9. CE QUE CES CLICHÉS EMPÊCHENT DE PENSER #
Que comme l’a posé Jean-François Lyotard dans Le différend (1983), il y a tort (au sens fort) quand un préjudice ne peut être exprimé dans le langage du droit qui aurait dû le protéger — les Auschwitz, les disparus, les colonisés, les femmes battues dans le langage patriarcal subissent un différend avant tout litige. Et que comme l’a démontré Amy Edmondson (depuis 1999) dans ses travaux sur la psychological safety, les organisations qui dissimulent les torts (par peur de la sanction) ne deviennent pas plus performantes — elles s’effondrent en cachant leurs erreurs, alors que celles qui les exposent ouvertement apprennent et progressent.

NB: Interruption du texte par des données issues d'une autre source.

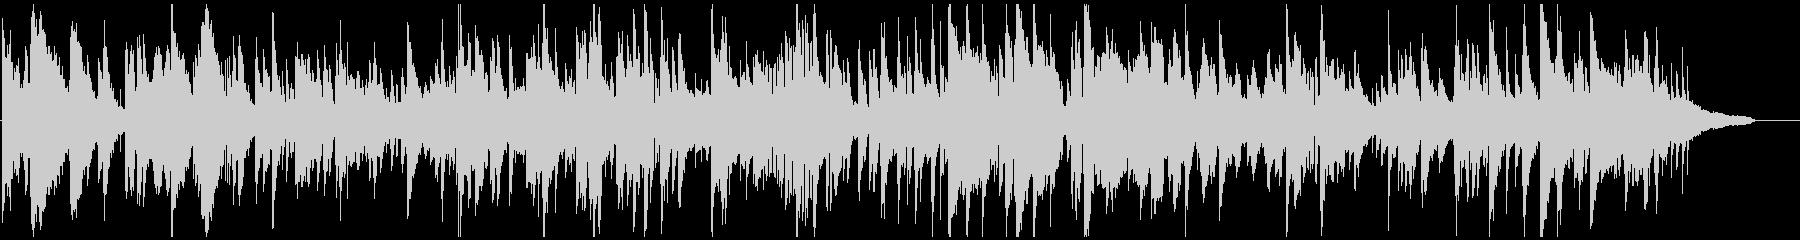 妖しい音色のサスペンス系サックスバラードの未再生の波形

10. VERSION « PERSONNE QUI VEUT PARAÎTRE INTELLIGENTE » #
« Jean-François Lyotard (1924-1998), dans Le différend (1983, Éditions de Minuit), a distingué litige (différend exprimable dans un langage commun) et différend (préjudice qui ne peut s’exprimer dans le langage du tort, faute d’idiome). Exemple paradigmatique : les Juifs face au négationnisme (où seuls les morts pourraient témoigner), les colonisés face au droit colonial. Paul Ricœur, dans Soi-même comme un autre (1990, “neuvième étude. Le soi et la sagesse pratique. La conviction”), a analysé l’imputabilité comme structure du soi narratif. Hannah Arendt, dans les essais posthumes Responsabilité et jugement (Responsibility and Judgment, 2003, édition Jerome Kohn), a distingué culpabilité personnelle et responsabilité collective (à propos d’Eichmann). Amy Edmondson (Harvard Business School), dans “Psychological Safety and Learning Behavior in Work Teams” (Administrative Science Quarterly, 1999) puis The Fearless Organization (2018), a forgé la psychological safety. La distinction “à tort ou à raison” est attribuée à La Rochefoucauld (Maximes, 1665). La loi française du 26 mai 2004 (divorce) a simplifié les procédures sans torts (consentement mutuel, acceptation, altération définitive du lien conjugal). La présomption d’innocence est inscrite à l’article 9 de la Déclaration des droits de l’homme et du citoyen du 26 août 1789. »
11. ENTRÉE SATIRIQUE FINALE #
Tort : faute attribuée qu’on déclare « partagé » d’autant plus volontiers qu’on s’apprête à ne reconnaître aucun des siens.
12. RÉSUMÉ DU LIEU COMMUN CENTRAL #
Reconnaître ses torts — c’est ce qu’on demande aux autres pour s’épargner d’avoir à reconnaître les siens.